Este constitui, segundo Bernstein (1996), o “contexto primário” do sistema educativo. Lembremos, no entanto, com Foucault, que os próprios discursos da ciência se produzem no interior de uma disciplina e que cada disciplina historicamente estabelece o que pode ser considerado verdadeiro ou falso numa determinada época, repelindo “para o outro lado das suas margens, toda uma teratologia do saber. ” Por isso, “o exterior de uma ciência é mais e ao mesmo tempo menos povoado do que se crê: há a experiência imediata, os temas imaginários que carregam e reconduzem sem cessar crenças sem memórias” (Foucault, 1997: 26).

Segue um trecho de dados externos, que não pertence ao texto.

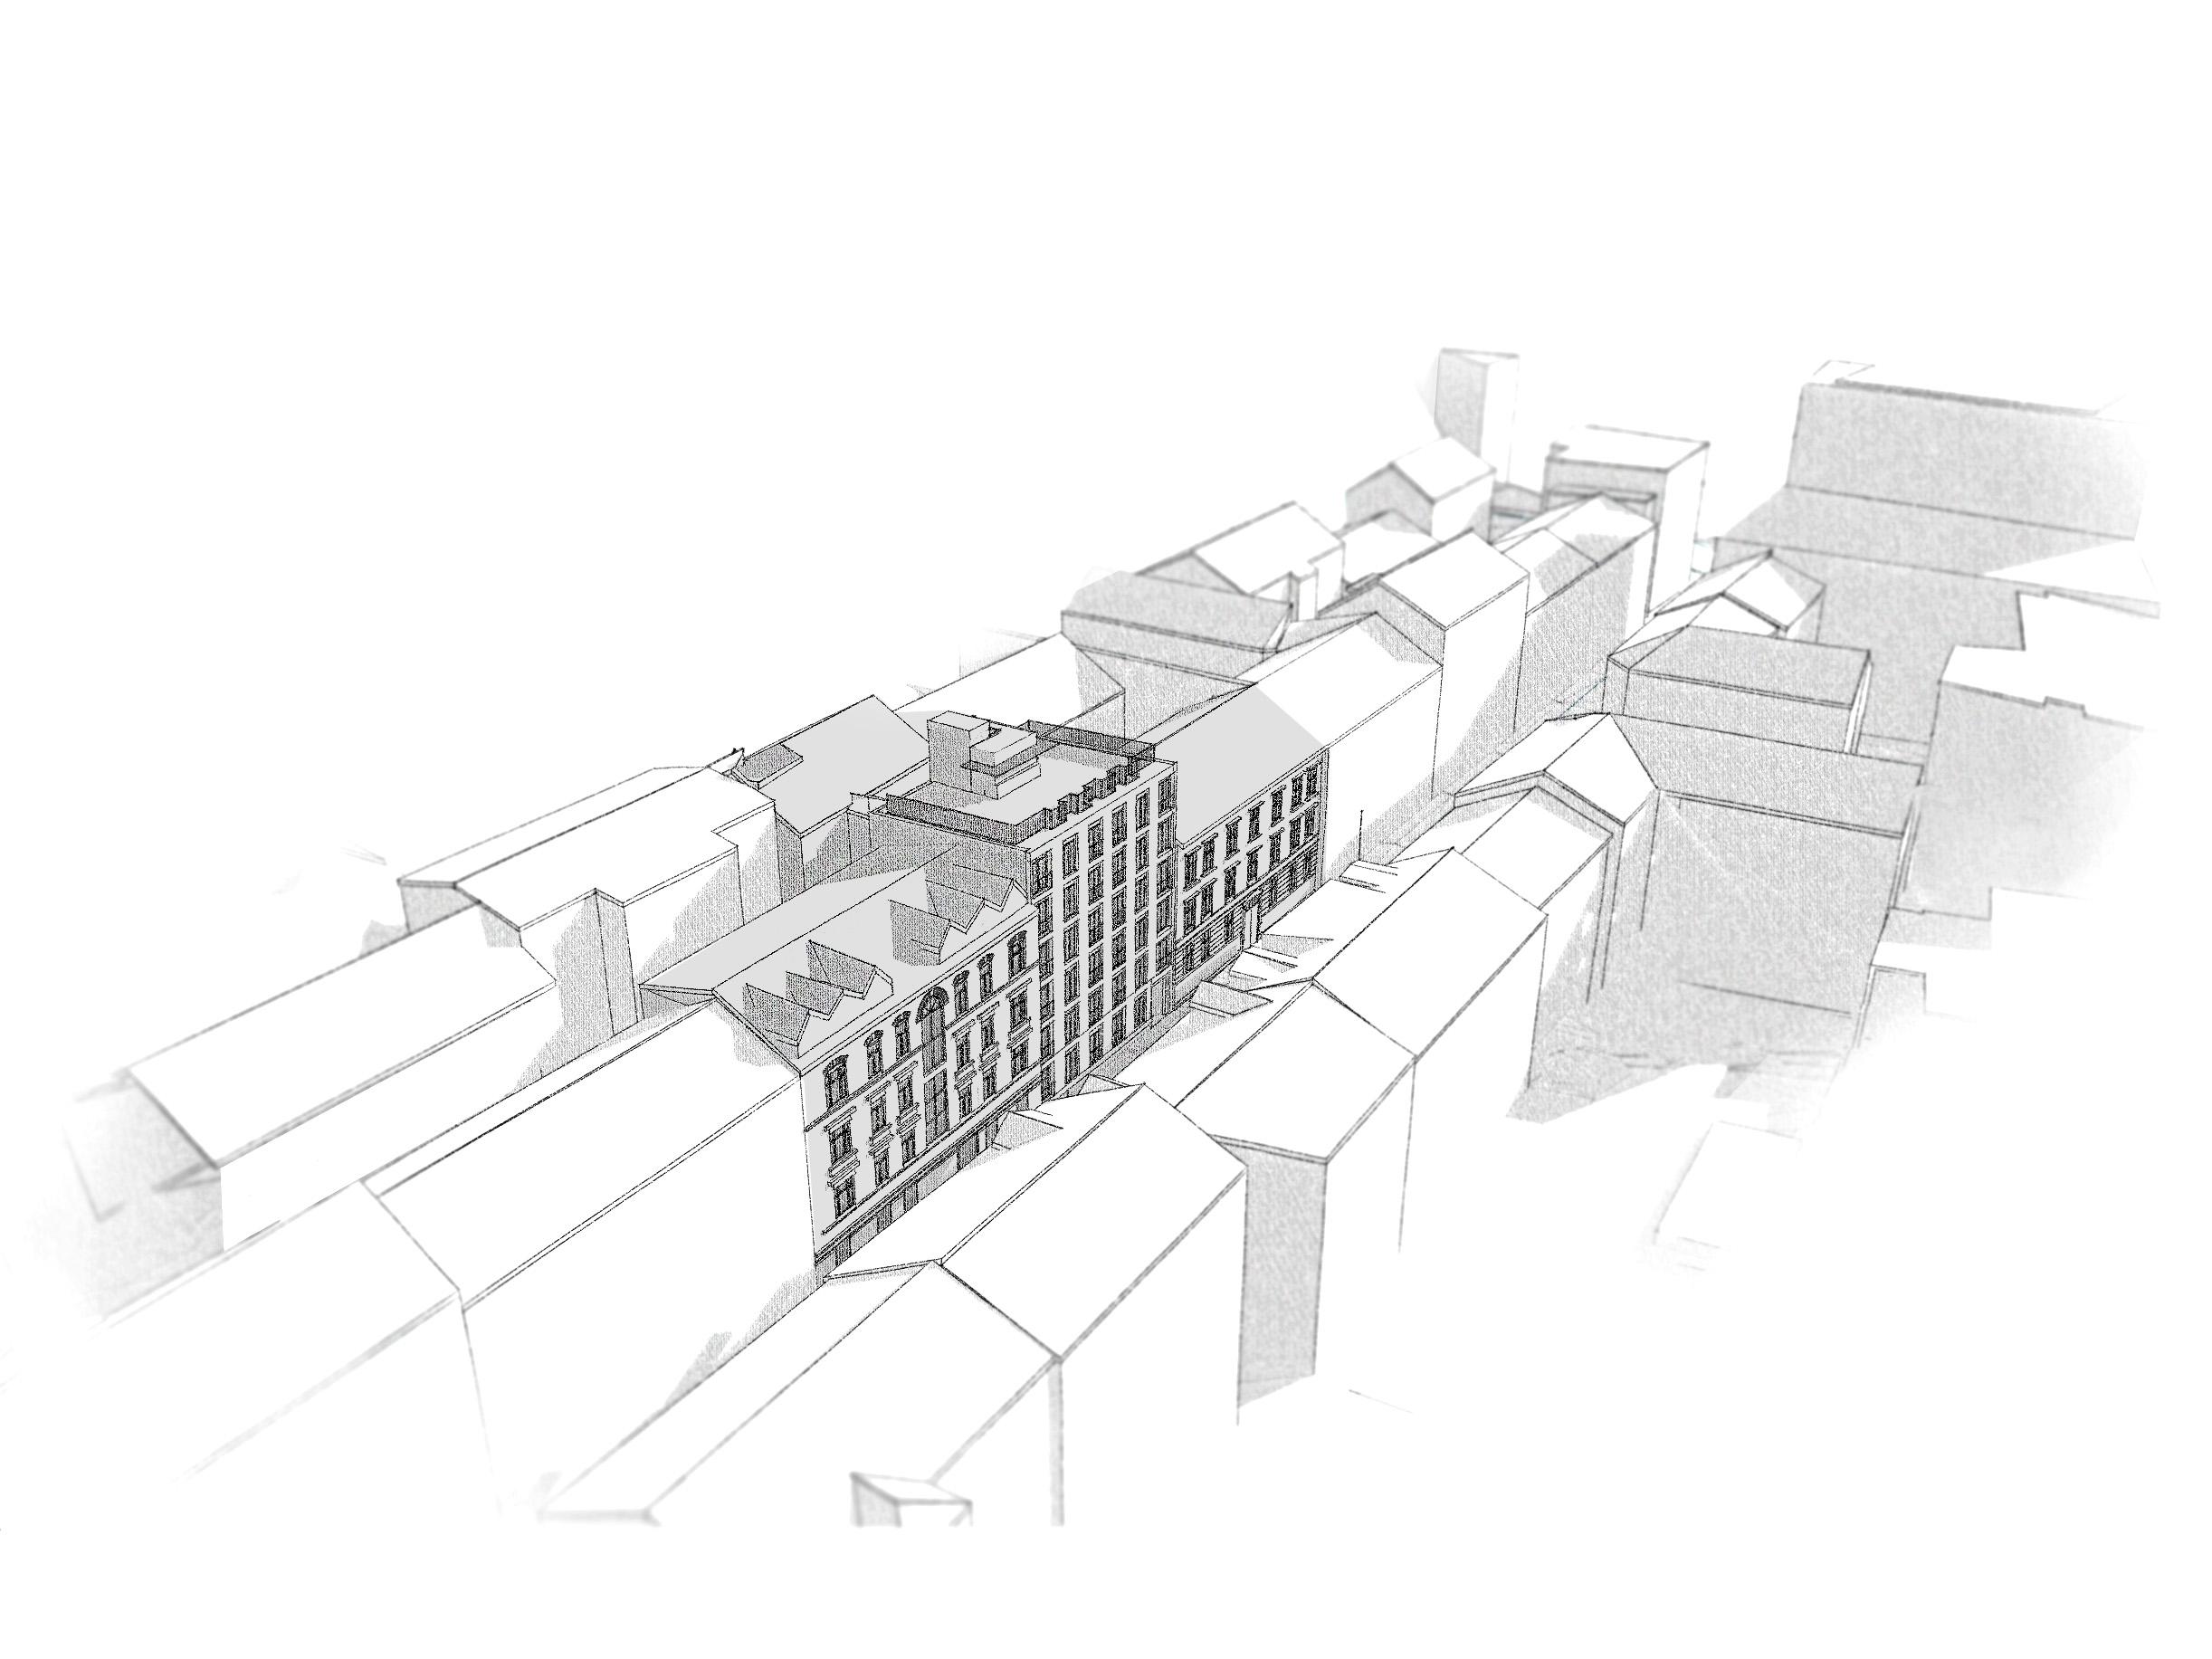 Fugleperspektiv: alternativ med full 6. etasje

Hoje, no entanto, a “europeização do currículo “ parece tornar-se pouco a pouco, segundo Pacheco, uma realidade, “num processo gradual de convergência de políticas alicerçadas em textos fundacionais4 que impõem conteúdos nos ensinos básico e secundário e ciclos de formação no ensino superior.”

Nesse contexto actual de políticas globalizadas, as reformas curriculares dos ensinos básico e secundário, no nosso país, inserem-se, portanto, numa “regulação conceptual, a montante, ao nível dos mecanismos transnacionais e supranacionais, e, numa regulação normativa, a jusante, no plano da intervenção do Estado” (Pacheco, J.A5).

Acreditemos, com Habermas que “a identidade europeia não pode significar, senão a unidade na pluralidade nacional”6

Esta poderá ser uma explicação para o facto de a literatura popular, que integrou, com configurações e finalidades diversas, os programas de LP, desde o tempo da República, continuar a integrar o currículo actual.

Não é intenção deste trabalho uma análise dos actuais programas curriculares na área do ensino de língua materna, muito menos um estudo histórico, comparando o discurso oficial para este ensino ao longo do tempo7. Para o estudo dos programas e manuais a que nos propomos, elegemos como foco específico de observação a reconfiguração de um “objecto” – o conto popular - em si mesmo já fruto de uma “configuração” primeira, que vimos surgir com as recolhas e estudos dos primeiros folcloristas, como apresentado no capítulo anterior.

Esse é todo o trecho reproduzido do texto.